Based on the 22 landscape segments, the relative proportion of disturbed biotopes is on average between four and five per cent, although with considerable variations. The proportion of disturbed areas in the northern Uckermark region is on average 1.9 per cent; in Rädekow (moraine flatlands in central and eastern Brandenburg) it is 12.2 per cent. Low values are typical of particularly unstructured landscapes, while high values are typical of richly structured landscapes.

In order to take account of the variations in agricultural use and in habitats in a monitoring network focused on agricultural and environmental concerns, the network needs to consist of specially selected and adequately sized monitoring sites.

Long-term observations

It was possible to set up long-term observation areas on and near release sites in only two cases; all other observation sites were on conventionally cultivated areas.
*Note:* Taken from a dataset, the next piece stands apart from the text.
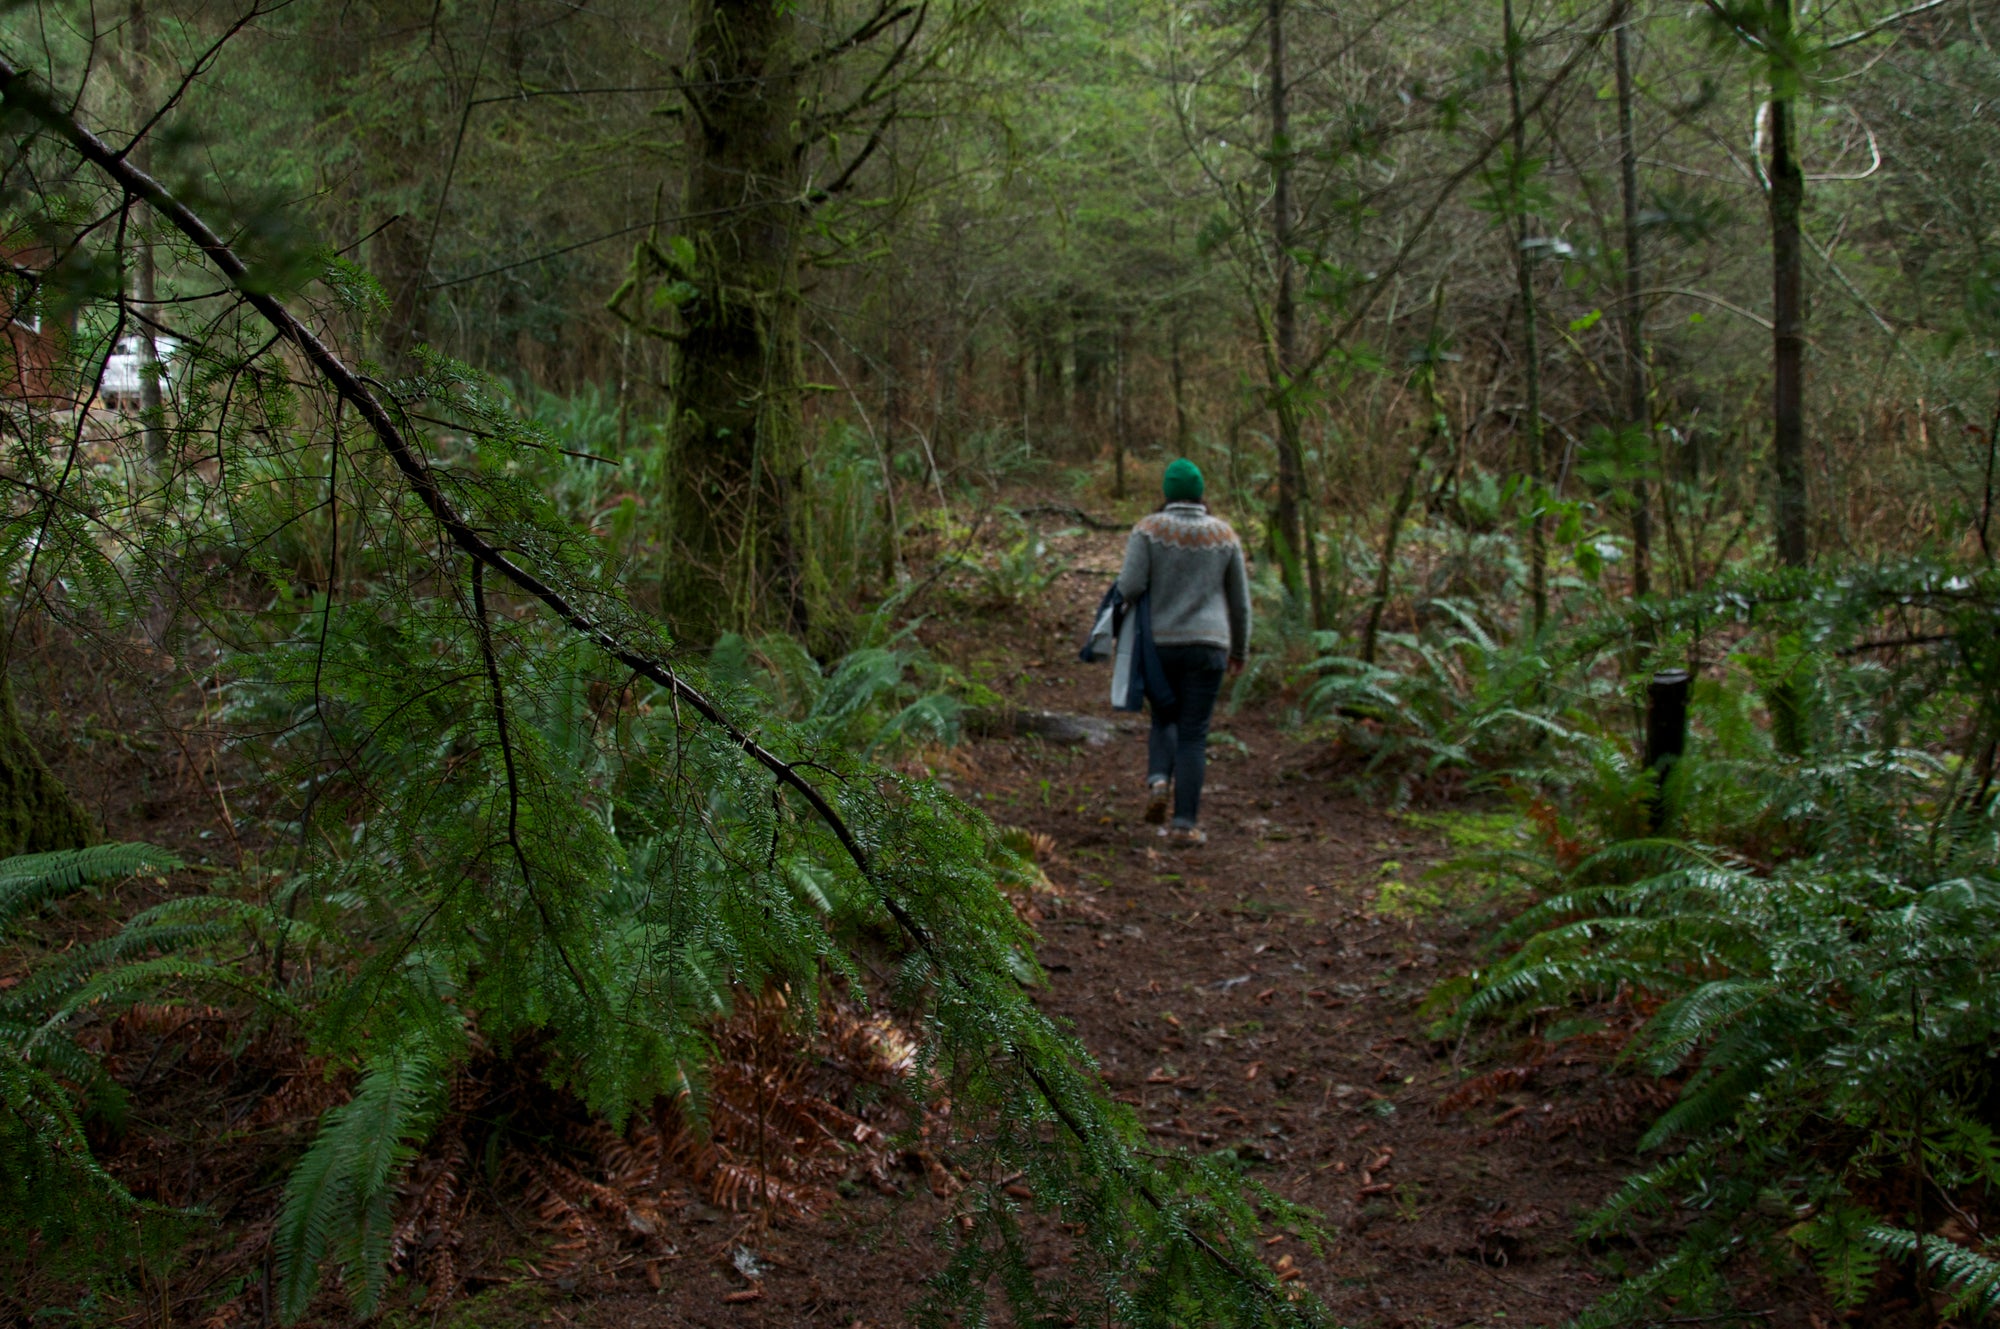 Valerie from Walnut Studiolo walking up an Oregon coastal forest trail that is lush and green with ferns and conifers

Plant stock levels were recorded using phytosociological methods during the three years of the experiment on at least three dates per year. Since the experiments with GM plants involved investigations over several years with phosphinotricin-tolerant (HR) oilseed rape and/or (HR) maize, the problem of oilseed rape volunteers appeared in subsequent years. Compared to conventional herbicides, however, the use of phosphinotricin does not necessarily result in a reduction of plant species diversity.

Selection of landscape segments for a monitoring network

When selecting agricultural landscape segments for a monitoring network, there are several aspects that need to be taken into account. The bigger the area planted with a crop species in a landscape segment, the greater the probability of finding crop plants in disturbed habitats outside fields. A high or low relative area of a (genetically modified) crop species in a region therefore provides a first indication of the importance of an area as a monitoring network site. An additional criterion to be taken into account is the proportion of disturbed areas in a landscape segment (see above). If high values of both criteria are used to make the selection, the resulting network will represent a ‘worst case scenario’ of landscape segments. This type of monitoring network is most likely to indicate dispersal tendencies among crop species.

Diag. 2: Procedure for selecting sites for oilseed rape monitoring from the total of 22 investigated landscape segments (amalgamation of the three-year average values of relative oilseed rape cultivation area and relative proportion of disturbed habitats in an XY graph – each dot represents the 3-year average value for a landscape segment)

The procedure for selecting monitoring network sites for oilseed rape monitoring is shown in Diagram 2. The diagram displays the proportion of land planted with oilseed rape and the proportion of disturbed land in a two-dimensional coordinate system for each landscape segment. A horizontal and a vertical (boundary) line help with the selection process. The vertical line shows the average proportion of farmland used for oilseed rape cultivation for all landscape segments and research years. It is located at about eleven per cent of farmland. The horizontal line represents the average proportion of farmland occupied by disturbed areas over the 22 landscape segments and research years (about 3.4 per cent of farmland). In the case shown, the selection would fall on the three landscape segments above the two red lines. In principle, additional decision criteria are conceivable. However, the two factors presented here take priority in the context of the project’s aim of developing a site selection method based on ecological criteria.